Показав мужу язык, Эйлит сняла шлем. Ее глаза мигом перестали косить и теперь смотрели прямо. Интересно, как во время битвы мужчинам удается что-то видеть перед собой через две узкие прорези, которые делает еще уже расположенная на переносице носовая пластинка? Представив себе, как будет сиять этот шлем на львиной голове Гарольда Уэссекского, молодая женщина невольно вздрогнула.

— Само собой, мне не на что жаловаться, — заметил Голдвин, разламывая надвое ломоть ароматного хлеба. — Я многим обязан твоим братьям, ведь благодаря их рекомендации я стал личным оружейником графа Гарольда. Если бы не они, прозябать мне сейчас в той крохотной мастерской в Этельреджите. — Голдвин не без гордости обвел взглядом прочные деревянные стены зала, к празднику украшенные зеленью.

Эйлит разделяла его чувства. Не каждая молодая хозяйка могла похвастаться новым добротным домом со светлыми просторными комнатами. По сравнению с убогой, тускло освещенной хижиной, в которой она выросла, новое жилище казалось дворцом. Кроме того, из окон открывался прекрасный вид на Сент-Питер, королевскую резиденцию и аббатство на Торни-Айленд.

Три года назад Голдвин отремонтировал сломанный шлем Альфреда, и брату так понравилась работа кузнеца, что он порекомендовал его всем своим знакомым солдатам и охранникам. Так началась дружба между Голдвином и Альфредом. День ото дня она крепла, и потому никто не удивился, когда спустя некоторое время Голдвин, уже снискавший добрую репутацию и сколотивший состояние, попросил у друга руки его сестры, Эйлит. После непродолжительных брачных переговоров вопрос решился со взаимной выгодой для обеих сторон. Эйлит всегда сознавала, что не посмеет пойти против воли отца и братьев, какого бы мужа они для нее ни выбрали, и, узнав о предложении Оружейника, вздохнула с облегчением.

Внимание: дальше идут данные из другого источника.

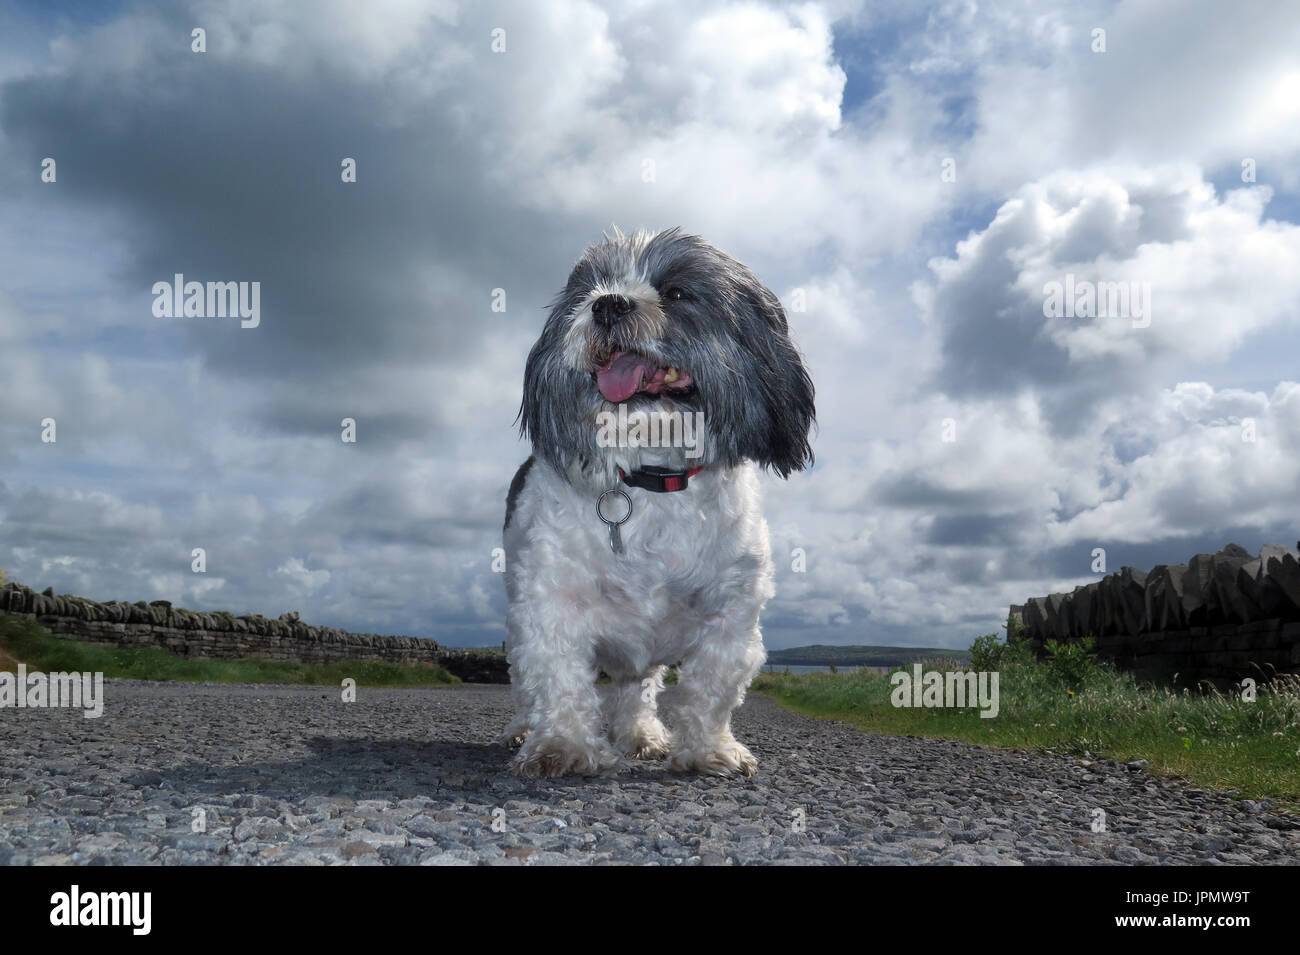 Canine Capers / World of Dog Stock Photo

Несмотря на невысокий рост, немного кривоватые ноги и почерневшие от работы в кузнице руки, в глазах Эйлит Голдвин выглядел самым красивым мужчиной на свете. Она всем сердцем полюбила его теплую улыбку и добродушную, трудолюбивую натуру.

— Завтра к вечеру Альфред и Лильф привезут рождественское полено. — Эйлит взглянула на мужа и с удовольствием отметила, с каким аппетитом он расправляется с обедом. — Надеюсь, что до сумерек я успею свернуть шею трем цыплятам.

Сказав последнюю фразу, молодая женщина поморщилась. Умело справляясь со всей домашней работой, Эйлит недолюбливала одну из обязанностей хозяйки: ей не нравилось убивать домашнюю птицу. Она видела в этом вероломное предательство, жестокий обман по отношению к доверчивым созданиям. Сначала их окружают заботой, изо дня в день кормят и приручают, потом начинают воровать их яйца, а в конце концов сворачивают им шеи и бросают в котел. Конечно, проще простого купить пару свежеубитых кур на рынке Уэст-Чипа, но это будет болезненным уколом для самолюбия домохозяйки. Такого Эйлит себе позволить не могла.

Голдвин вытер губы салфеткой, вылил в кружку остававшийся в кувшине эль и встал.

— Я буду рад приезду твоих братьев, — сказал он. Граф Гарольд вот-вот взойдет на трон и неохотно отпускает от себя личных охранников.

Одним глотком осушив кружку, он направился к двери, но, неожиданно задержавшись у порога, оглянулся.

— Чуть не забыл поделиться с тобой новостью, Эйли. В дом старого Ситрика скоро въедут жильцы. Так что у нас появятся соседи. Сегодня утром мне сообщил об этом святой отец.